[DATA BELOW]:
========================================
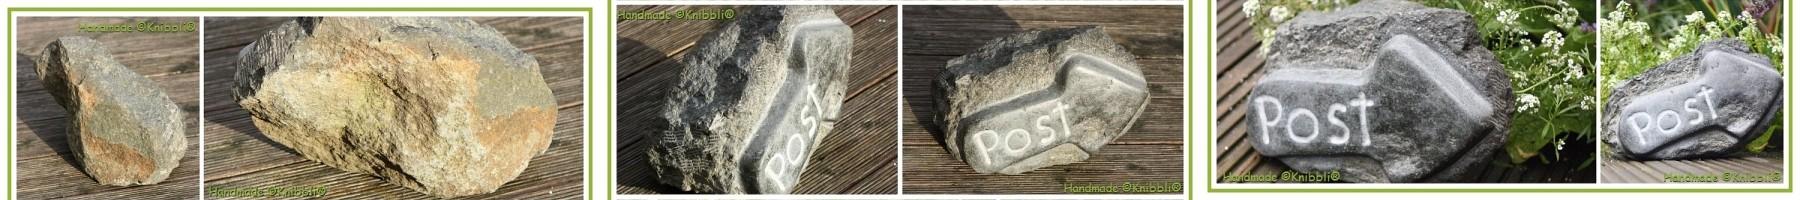 Stein-Kunst Zertifikat Einzelstück Markenschutz
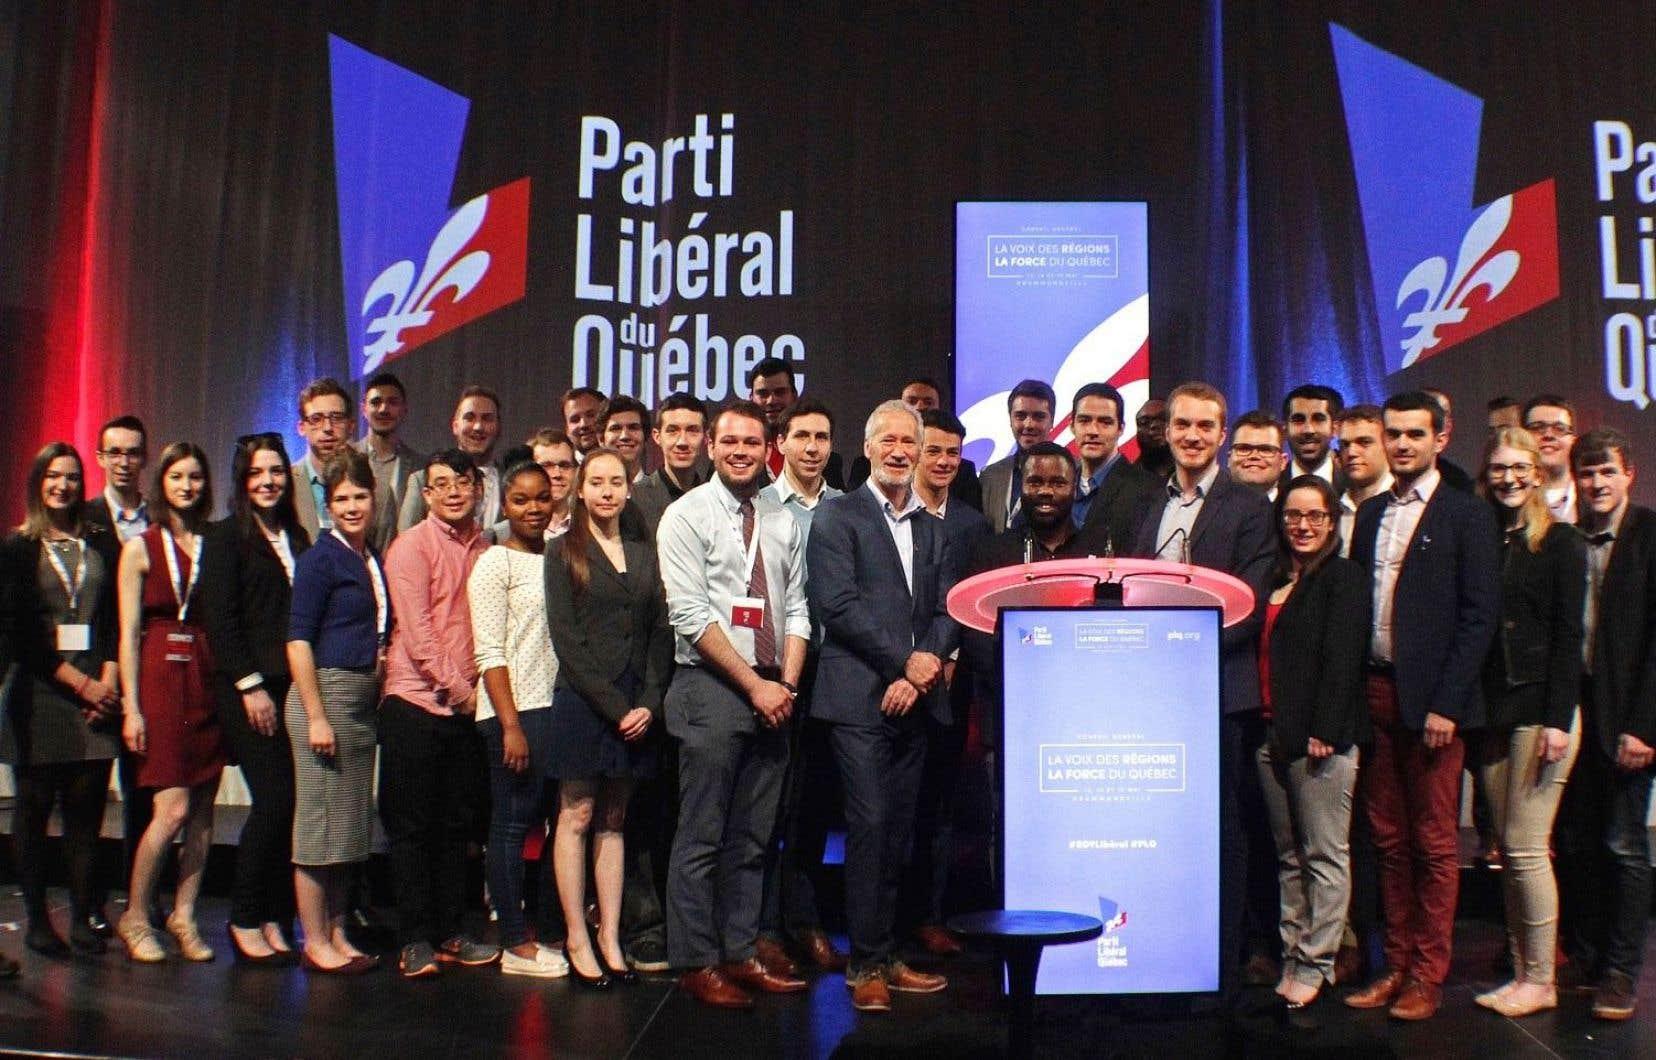 Membres de la Commission-Jeunesse du Parti libéral du Québec, le 15 mai 2016, lors du Conseil Général du Parti libéral du Québec
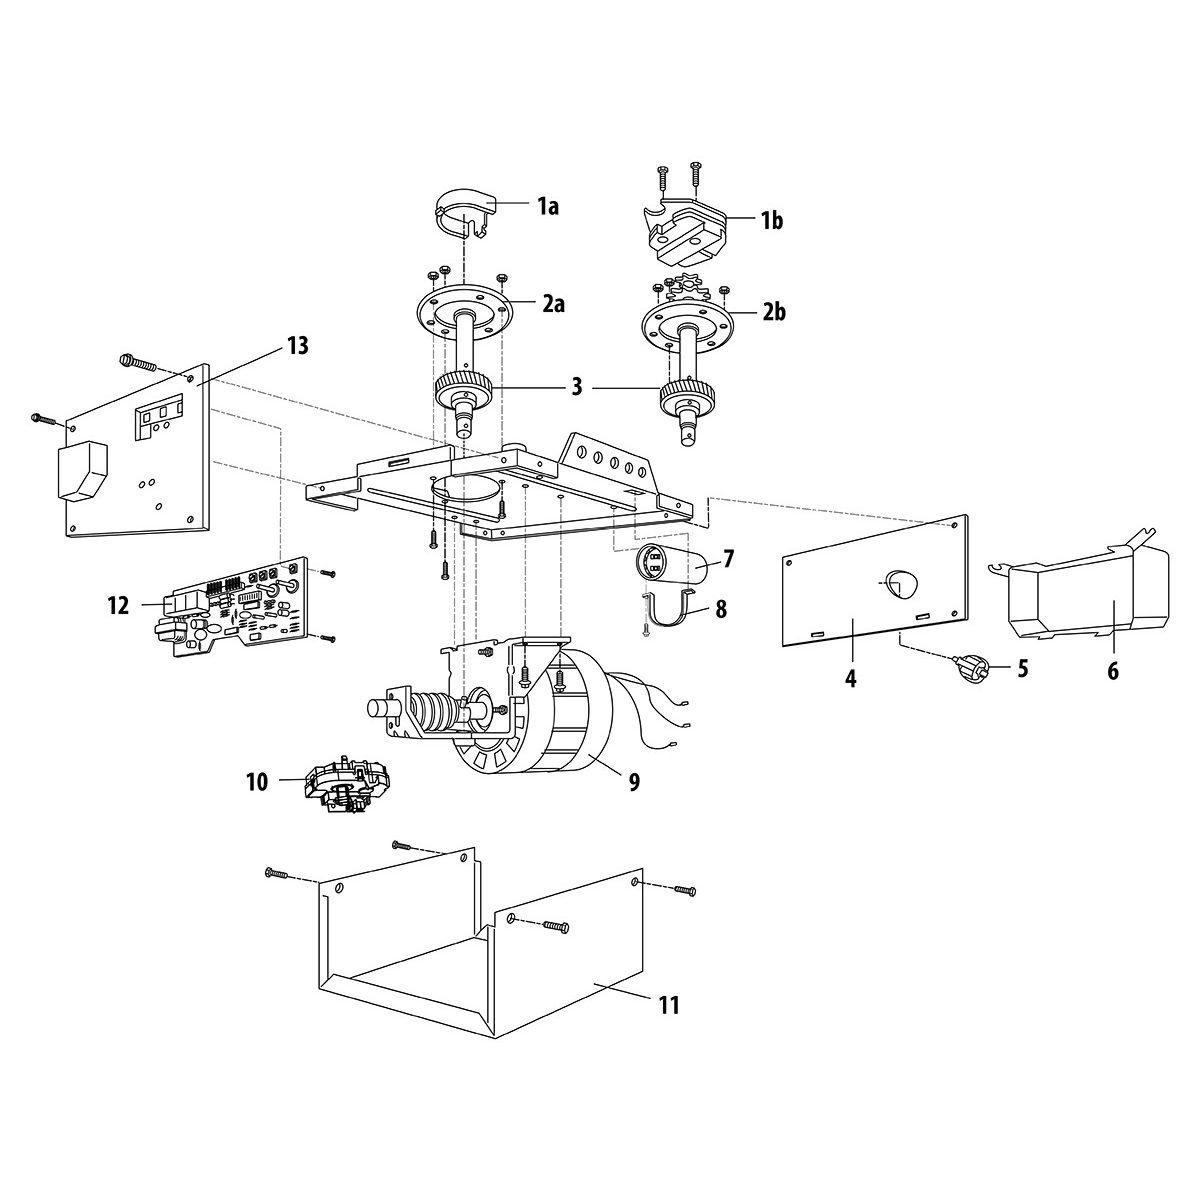 Wiring Diagram PDF: 12 Volt Generator Wiring Diagram Chris
========================================
[ASSIGNED TASK]:
A word-for-word copy of the lines from the one with "Membres de la" through the last line of the data above is required, with both end lines included and no pictures.

[SOLUTION FOR THIS EXERCISE]:
 Membres de la Commission-Jeunesse du Parti libéral du Québec, le 15 mai 2016, lors du Conseil Général du Parti libéral du Québec
 Wiring Diagram PDF: 12 Volt Generator Wiring Diagram Chris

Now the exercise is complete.